Determinando esses pontos, chegamos a uma conclusão que, em certa medida, diverge da visão elaborada por Foucault: o poder produz a realidade por meio de campos de obediência e rituais que instituem a verdade. “O indivíduo e o conhecimento que dele se pode ter se originam nesta produção” (FOUCAULT, 2009, p. 185). Na realidade, a reivindicação de seu espaço por meio da brincadeira escrachada e de fazer o que era proibido demonstram que a máquina estatal não obtinha o controle de fato nem determinava a forma como o brincante e o folião se perceberam no Carnaval.
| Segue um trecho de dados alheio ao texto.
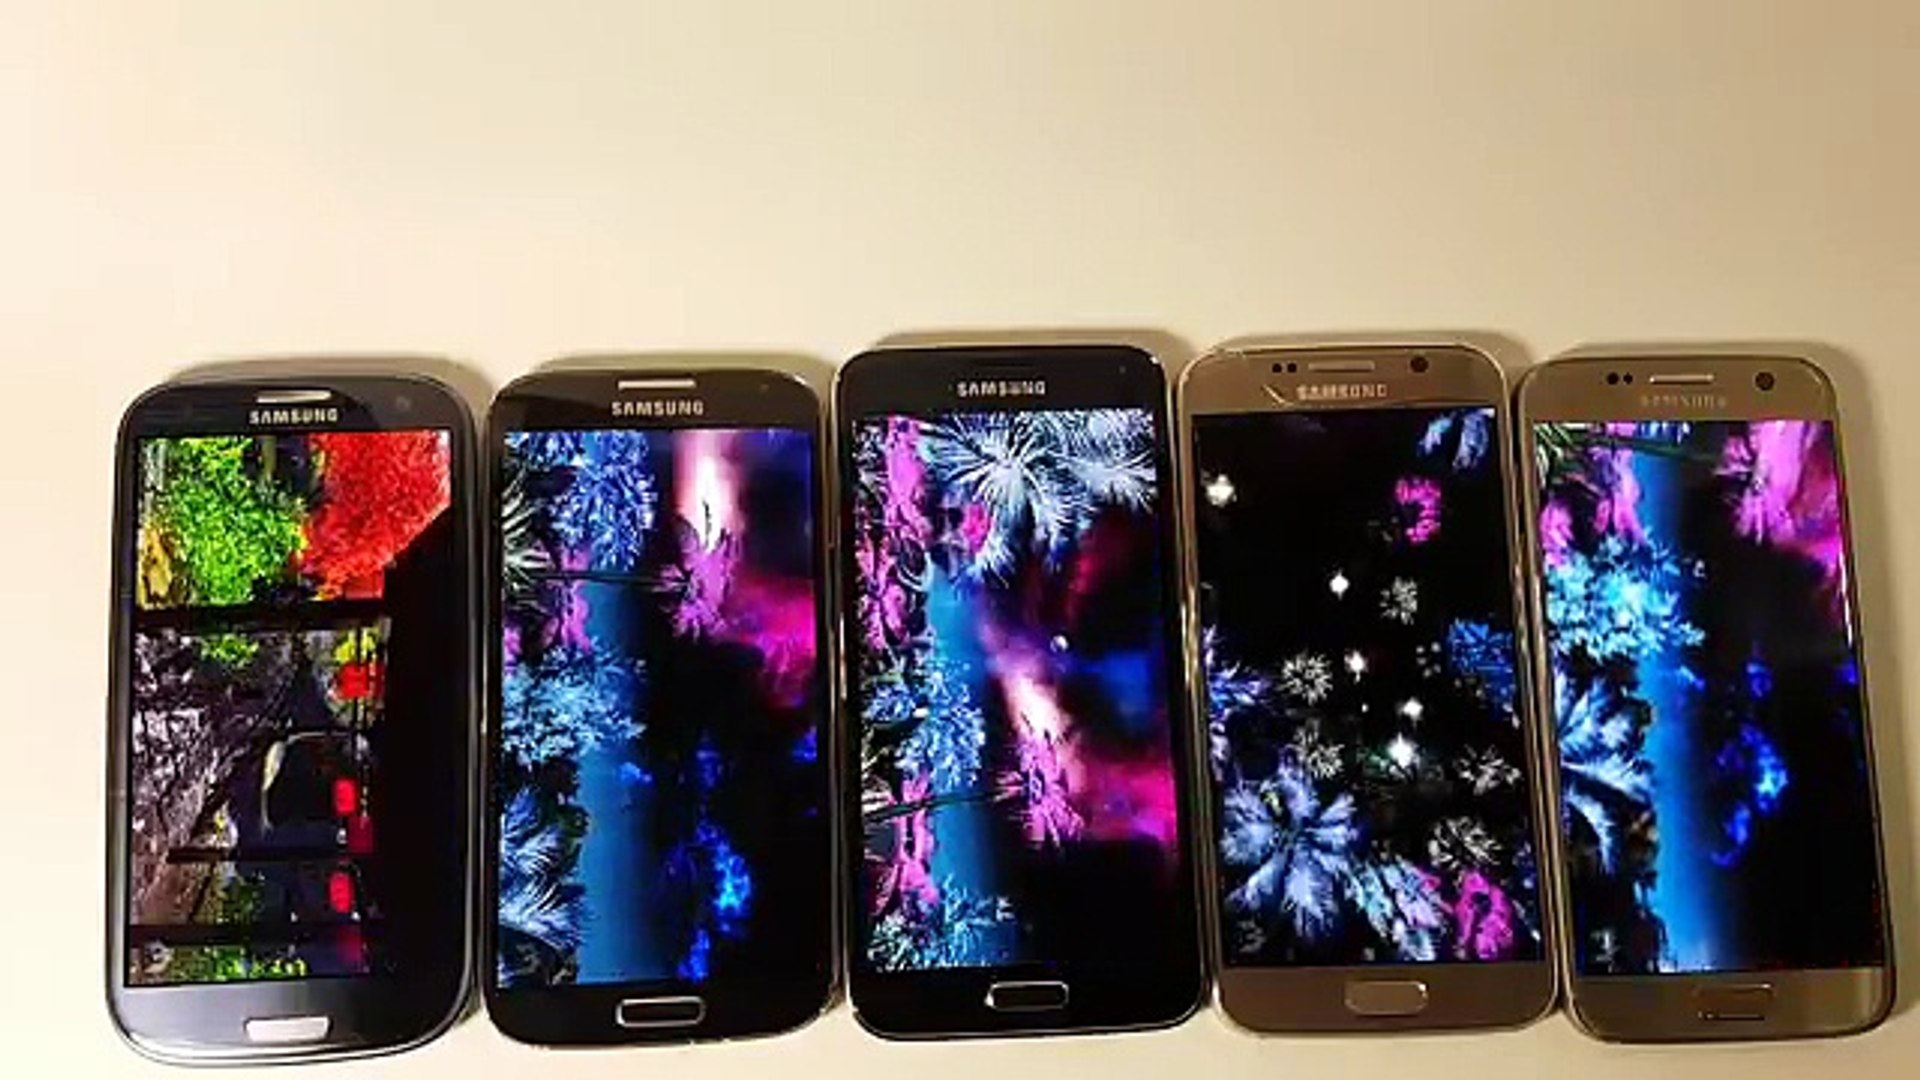 Samsung Galaxy S7 vs S6 vs S5 vs S4 vs S3 AnTuTu Speed test - video  Dailymotion

Mais do que se perceber, era preciso que eles fossem percebidos pelos demais atores que faziam parte daquele momento farsesco, de modo a traduzir que o seu cotidiano representava o processo dialético das atividades humanas (FERREIRA; ORRICO, 2002), instituindo assim uma ordem paralela e uma reconstrução da imagem da festa e da sociedade por meio da liberdade sexual, do uso de psicotrópicos ou através do exagero na brincadeira.

Deste modo, o Carnaval de Chumbo estabeleceu seus pontos de inflexão e tornou seu cotidiano articulado em novas fronteiras que ultrapassavam a lei marcial. Ocorre que, em decorrência de tal comportamento, muitas características do brinquedo foram sendo alteradas e essas mudanças acabaram por promover um intenso debate na imprensa e nos meios intelectuais carnavalescos durante o período abordado na cidade do Recife: estaria o Carnaval do Recife morrendo ou ainda havia muita vida no mesmo? Não seriam as mudanças rituais de renascimento da festa e reinterpretação da realidade com base nos valores do passado e da tradição? São pontos a serem melhor considerados.